Результаты, полученные на мышах с опухолями, оценивают с помощью общепринятых показателей противоопухолевой активности при наличии в качестве контроля мышей, не получавших противоопухолевой терапии [Трещалина Е.М., и др. В кн.: Руководство по экспериментальному (доклиническому) изучению новых фармакологических веществ / под общей ред. Член-корр. РАМН проф. Р.У. Хабриева. - 2 изд., перераб. и доп. - М.: ОАО изд. «Медицина», 2005 г. стр.637-651]..

Пример. Опухоль, меланому В 16, прививали мышам подкожно (п/к). Прививочная доза 50 мг взвеси опухолевой ткани в 0,5 мл питательной среды 199 на мышь. Использованы мыши-самки. Вес мыши - не менее 18 г.

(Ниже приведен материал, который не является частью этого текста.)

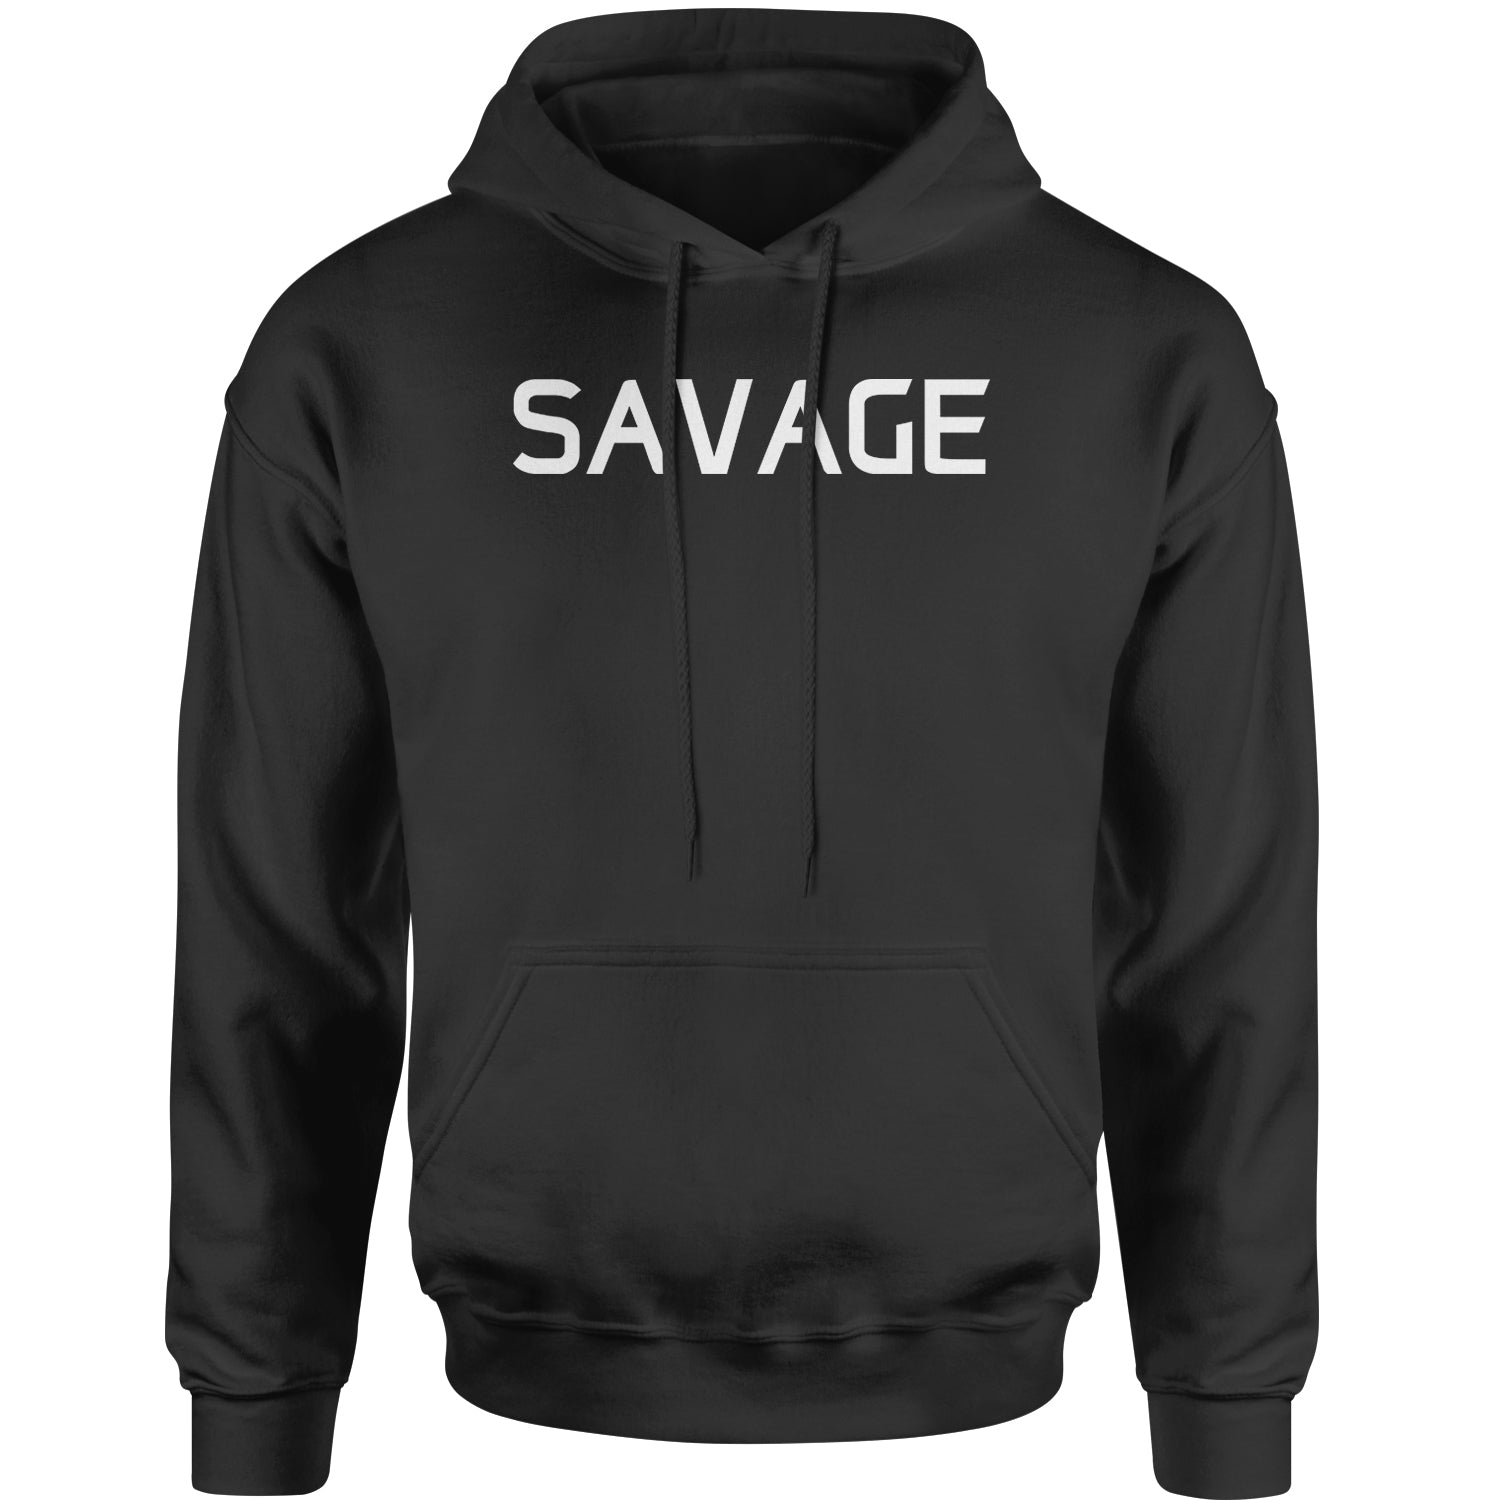 Savage Adult Hoodie Sweatshirt #expressiontees by Expression Tees

Начало лечения - через 72 ч после прививки опухоли.

У мышей контрольной группы без лечения на 8, 11 и 14 сутки после трансплантации средний объем опухоли составлял 470±146 мм³, 2735±640 мм³ и 5308±1332 мм³.

В группе мышей, получивших лечение ТФ в разовой дозе 40 мг/кг и через 1 час АК в разовой дозе 88 мг/кг на 5, 8 и 11 сутки после лечения средний объем опухоли составлял 223±141 мм³, 2097±813 мм³ и 4992±2003 мм³, соответственно.

По отношению к группе контроля в группе ТФ+АК торможение роста опухоли не достигло достоверных отличий и составило, соответственно 53%, 23% и 6%. Гибели от токсичности не наблюдали.

В группе мышей, получивших предварительно за 2 часа до начала применения БКС 3-АТ в дозе 1000 мг/кг, на 5, 8 и 11 сутки после лечения средний объем опухоли составлял, соответственно 147±78 мм³, 1323±661 мм³ и 3347±1207 мм³.

По отношению к группе контроля в группе 3-АТ+ТФ+АК торможение роста опухоли достигло достоверного отличия на 5 сутки после лечения и составило 69%, оставаясь в течение 11 суток на значимом уровне 52 и 37%.

По отношению к группе ТФ+АК торможение роста опухоли было увеличено в 1,3-2,4-6,0 раз соответственно срокам регистрации эффекта.

Гибели от токсичности не наблюдали.

Таким образом, использование предлагаемого способа позволяет усилить эффективность подавления роста относительно малочувствительного к действию каталитической системы ТФ+АК злокачественного новообразования, а именно: добиться подавления пролиферации раковых клеток (in vitro) и увеличения торможения роста опухолей у мышей в 1,3-6,0 раз по сравнению с прототипом в зависимости от сроков регистрации эффекта.

Способ подавления опухолевого роста с применением бинарной каталитической системы, содержащей натриевую соль октакарбоксифталоцианина кобальта и аскорбиновую кислоту, отличающийся тем, что до введения бинарной каталитической системы внутривенно вводят 3-амино-1,2,4-триазол в нетоксической дозе.